Auf den Spuren von Buckows Prominenz

Illustre Gäste vom Kaiser bis zu Gregor Gysi

In der Pension Saß wohnte Lord Ralf Dahrendorf.

Die Kneipp-Becken sollen vom Schlosspark wieder weichen.

Die Liste der Prominenten, die sich in Buckow trafen, die hier feierten, sich liebten, manche Intrige schmiedeten oder sich schlichtweg erholten, ist riesenlang.

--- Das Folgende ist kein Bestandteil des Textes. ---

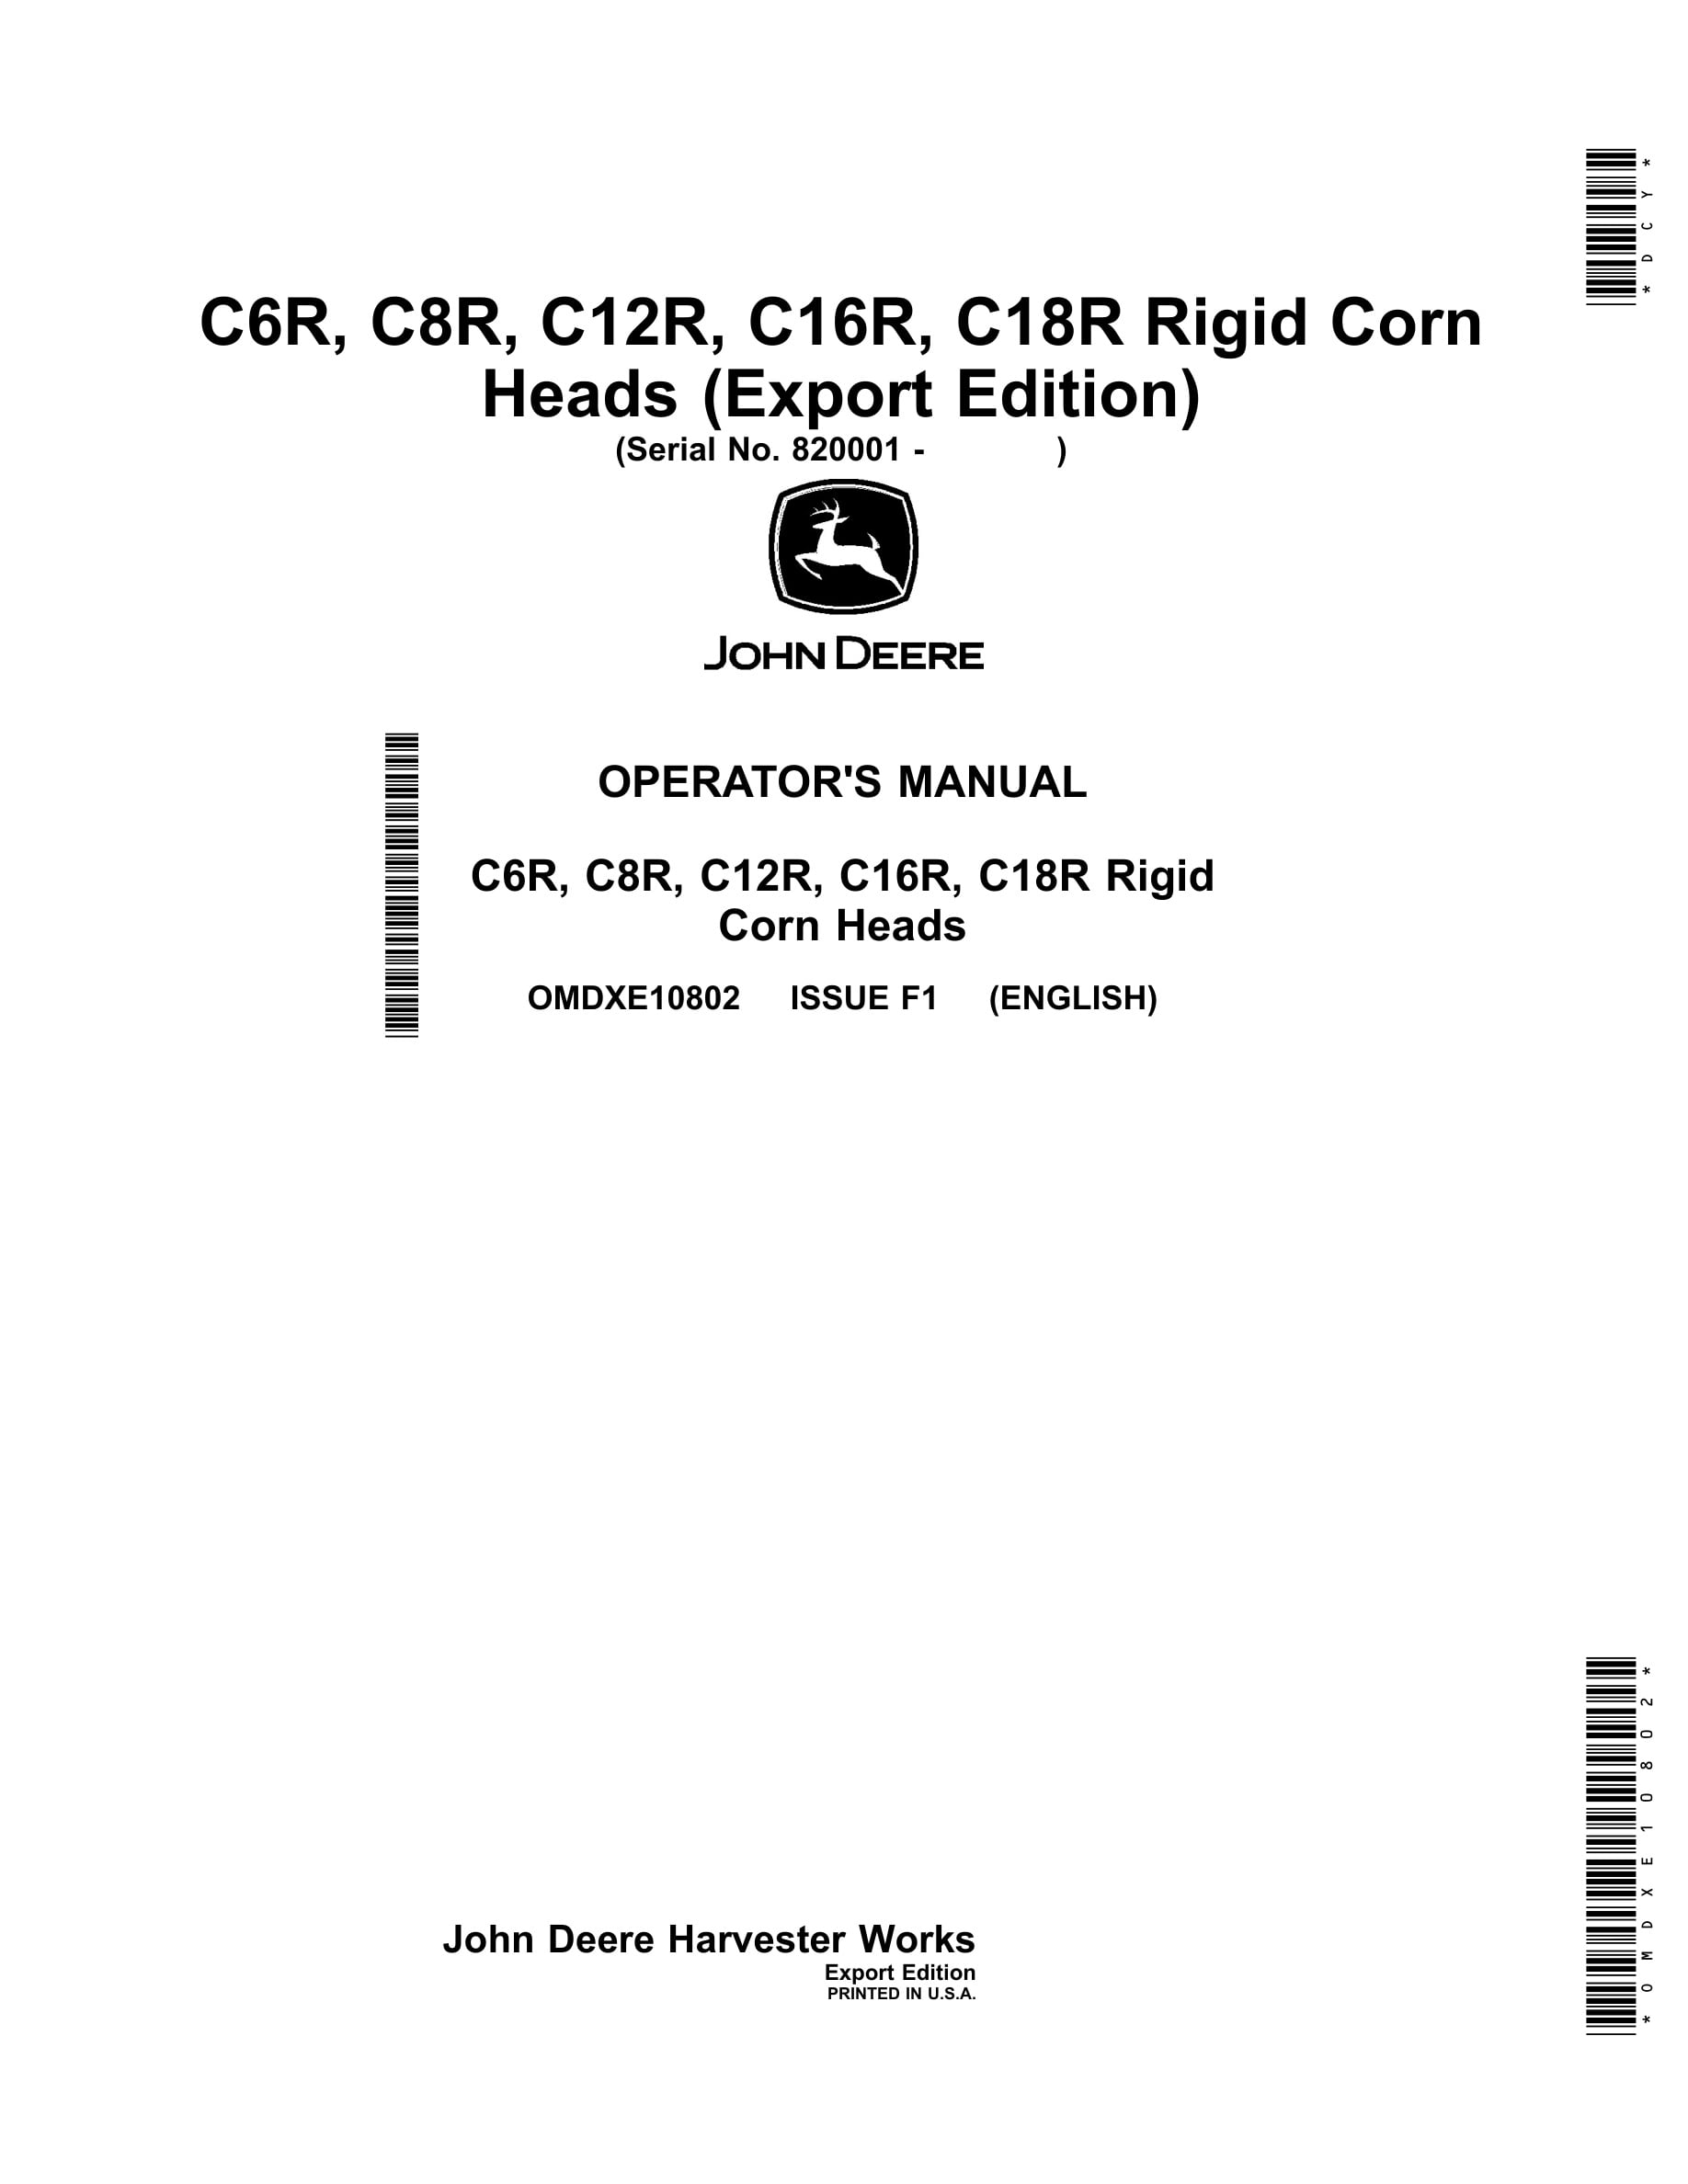 John Deere C6R, C8R, C12R, C16R, C18R Rigid Corn Heads Operator Manual OMDXE10802-1

Kaiser und Zaren, Künstler und Sportler, Politiker und Wissenschaftler, sie alle zog es nach Buckow.
Dabei war der Kontrast zwischen den Besuchern denkbar groß: So fanden sich linke Intellektuelle wie der „Rasende Reporter“ Egon Erwin Kisch, John Heartfield als Begründer der politischen Collage, Bertholt Brecht und seine Frauen und Freunde, Professor Hermann Budzislawski als Herausgeber der Neuen Weltbühne nur wenige Schritte entfernt von Orten, wo beispielsweise der greise Reichspräsident Paul von Hindenburg mit Ex-Reichskanzler Franz von Papen die Machtübernahme der Nazis auskungelte. Während die Welt ganz allmählich zu brennen begann, dirigierte Paul Lincke in aller Ruhe das Buckower Kurorchester. Als das Feuer bereits lichterloh loderte, drehte Heinz Rühmann mit verbliebenen UFA Stars 1942 regimefreundliche Unterhaltungsfilme wie „Sophienlund“ im Schlosspark. Und heute strömen die Journalistenscharen ins schöne Buckow, wenn sie Gregor Gysi eine Aufwartung machen möchten...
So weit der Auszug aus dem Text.